Overall, T_e varied from 0 to 0.94 across the library with core terminators displaying varying levels of T_e and sensitivity to different modifier and spacer parts (Fig. 3). Grouping designs by their core terminator showed that each had a unique median T_e and variability that differed between terminators (Fig. 3b). We found that valves containing the non-terminator part (T33), reverse oriented T7 phage terminator (T27) and two of the E. coli terminators (T21 and T17) showed little to no termination (T_e < 0.05). The remaining nine E. coli terminators displayed a range of termination efficiencies for T7 RNAP with median T_e varying from 0.01 to 0.91, which was heavily influenced by upstream sequence context. The variety of T_e values observed would allow for a wide range of transcript isoform stoichiometries to be produced from 1:1 to 11:1. However, we were interested to know if patterns within this data might offer insight into the capacity of each terminator to be tuned or insulated.
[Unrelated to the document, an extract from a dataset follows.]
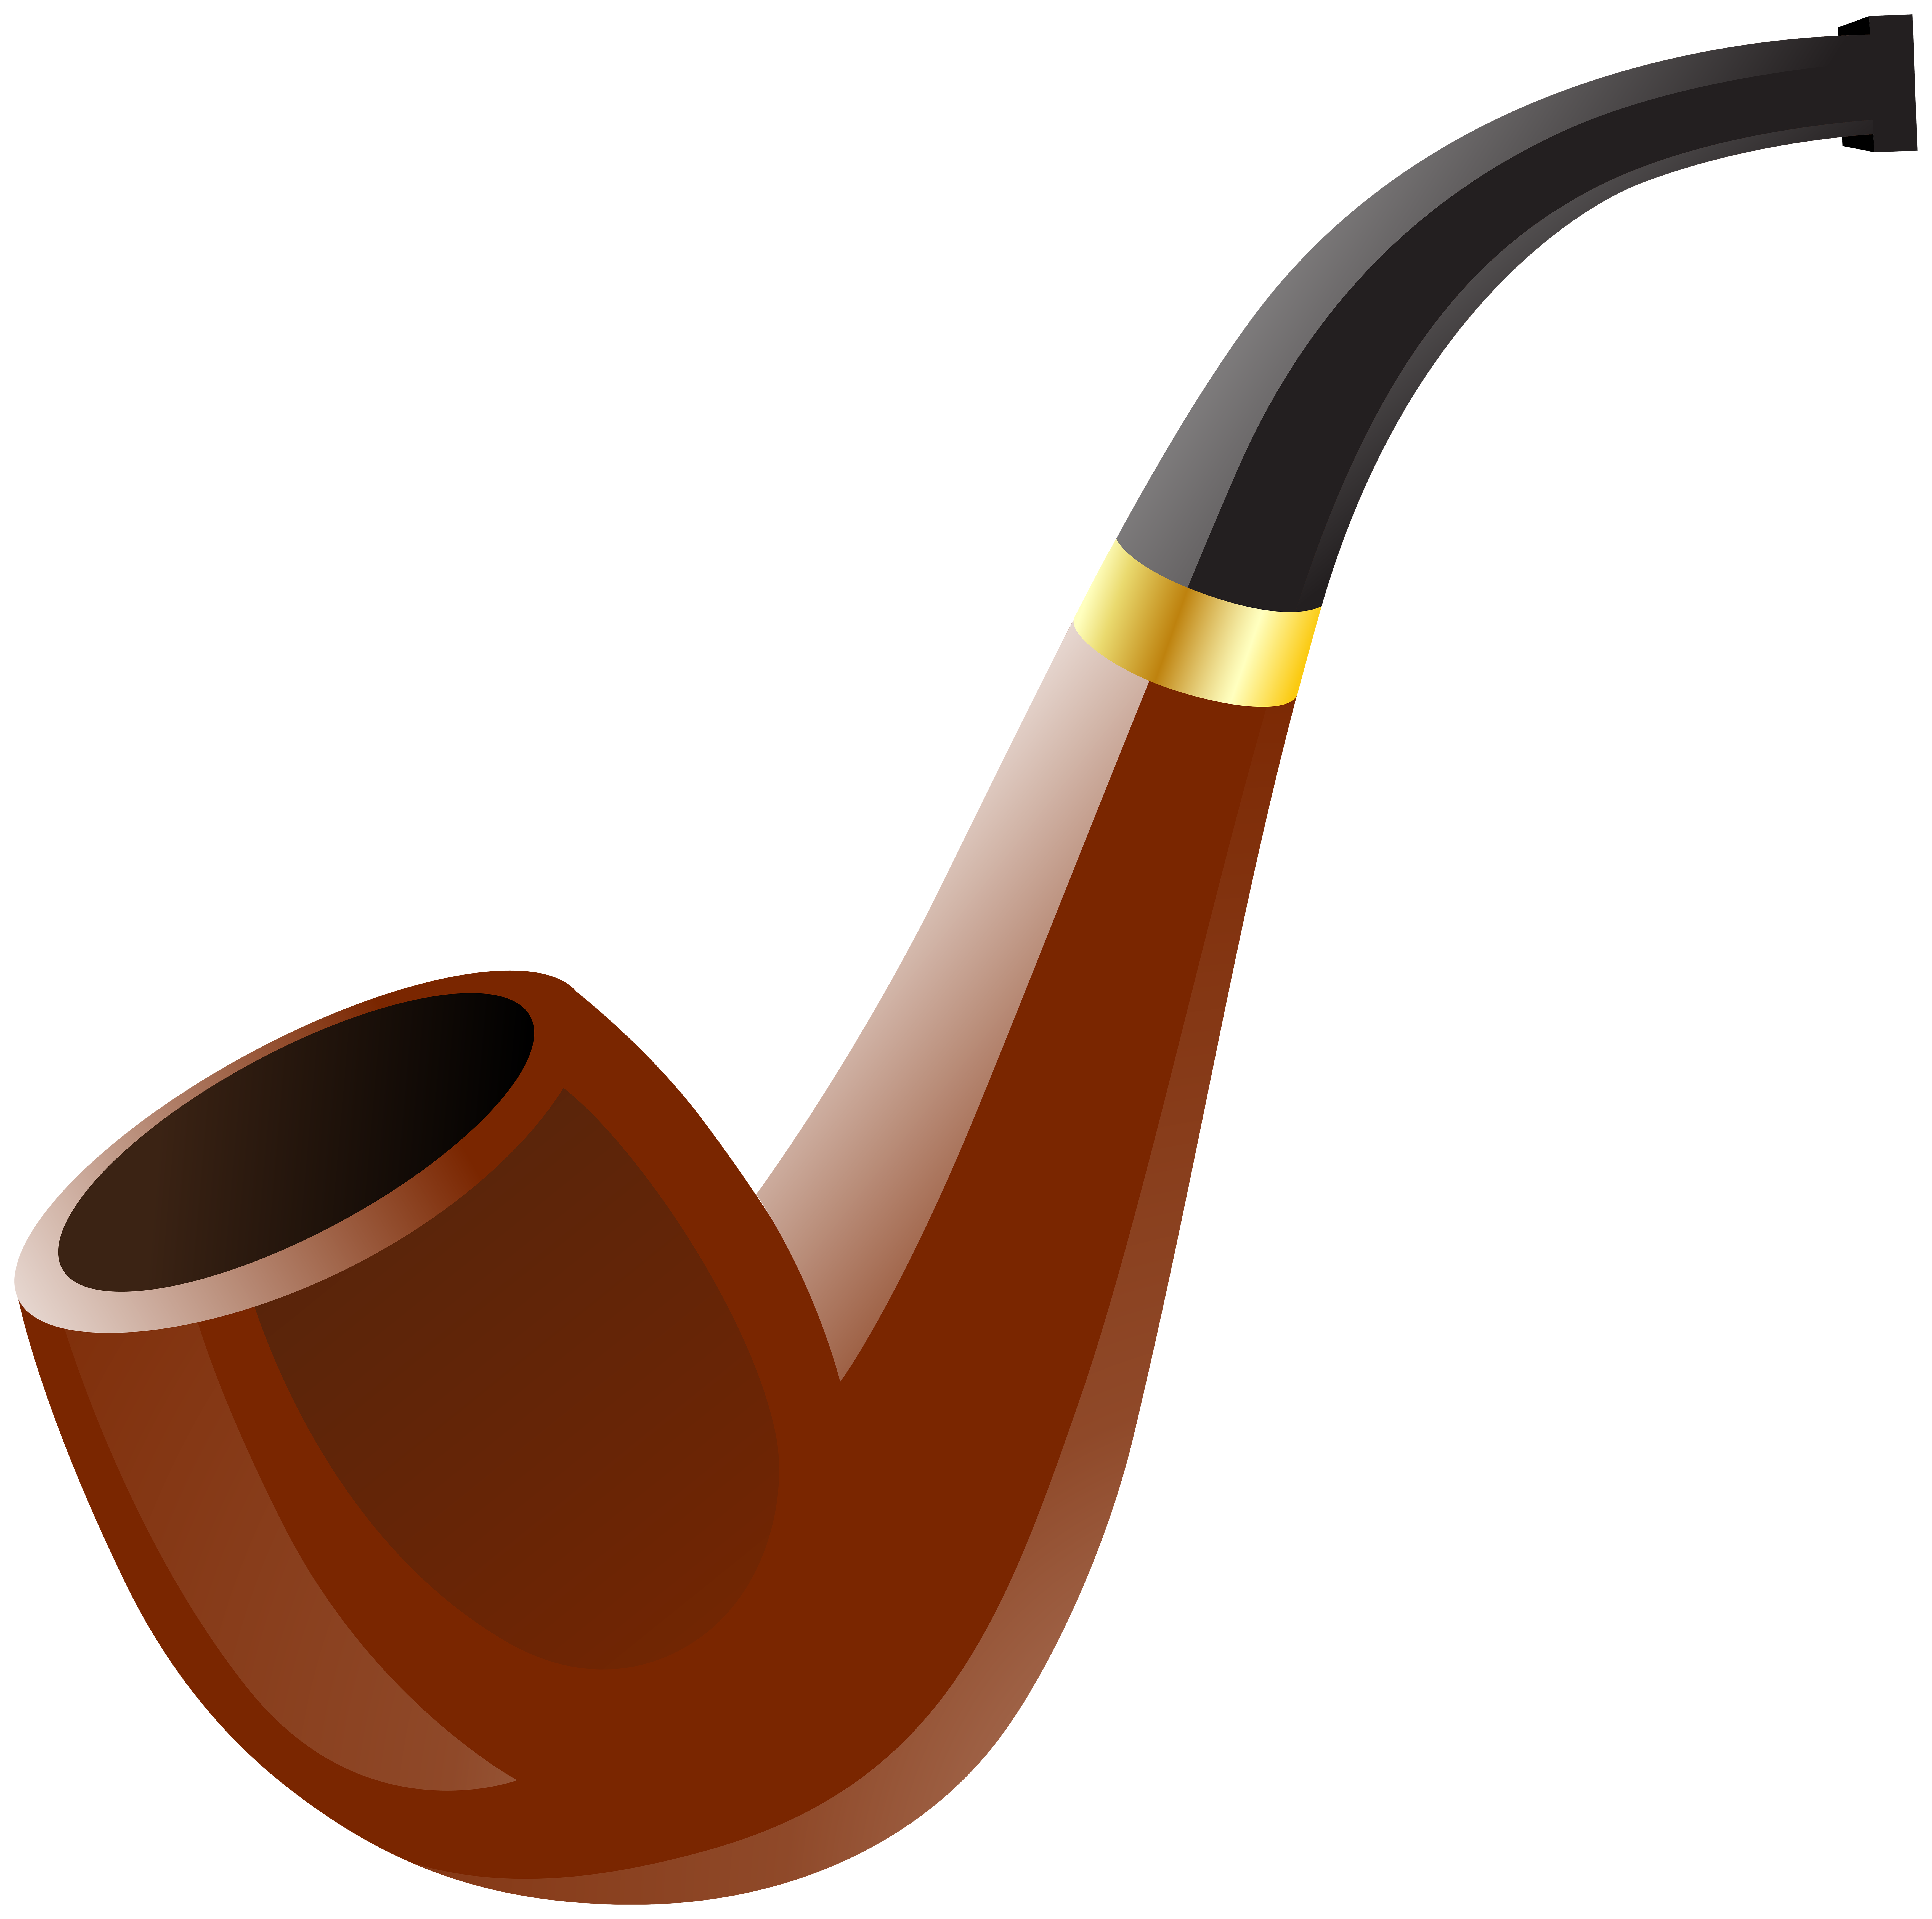 Tobacco pipe Stock Illustrati

For example, valves displaying a wide range of T_e values for the same core terminator would indicate that the terminator is highly tunable, while a small range of T_e for a valve used with differing spacer elements would suggest that it is able to insulate its function from upstream sequence context.

**Fig. 3: Characterization of a T7 RNA polymerase transcriptional valve library.**

Tuning the strength of transcriptional valves

It is known that local sequence context can also be used to effectively alter the function of many types of genetic part^8,54,55,56. We, therefore, designed modifiers in our initial library with the aim of being able to tune the strength of a valve. Analysis of the characterization data showed that changes in upstream genetic context (both spacer and particularly modifier sequences) could significantly influence termination strength, allowing T_e to be varied over a range of up to 0.68. The ability to tune each core terminator varied, with the T_e of T10 being most tunable and T16 being the least. The capacity to tune terminator strength could arise from the diversity of co-transcriptional structures that form proximal to the U-tract when interacting with the modifier (Fig. 2d). Therefore, to create a library of highly tuned transcriptional valves, it is important to ensure the core terminators are themselves tunable.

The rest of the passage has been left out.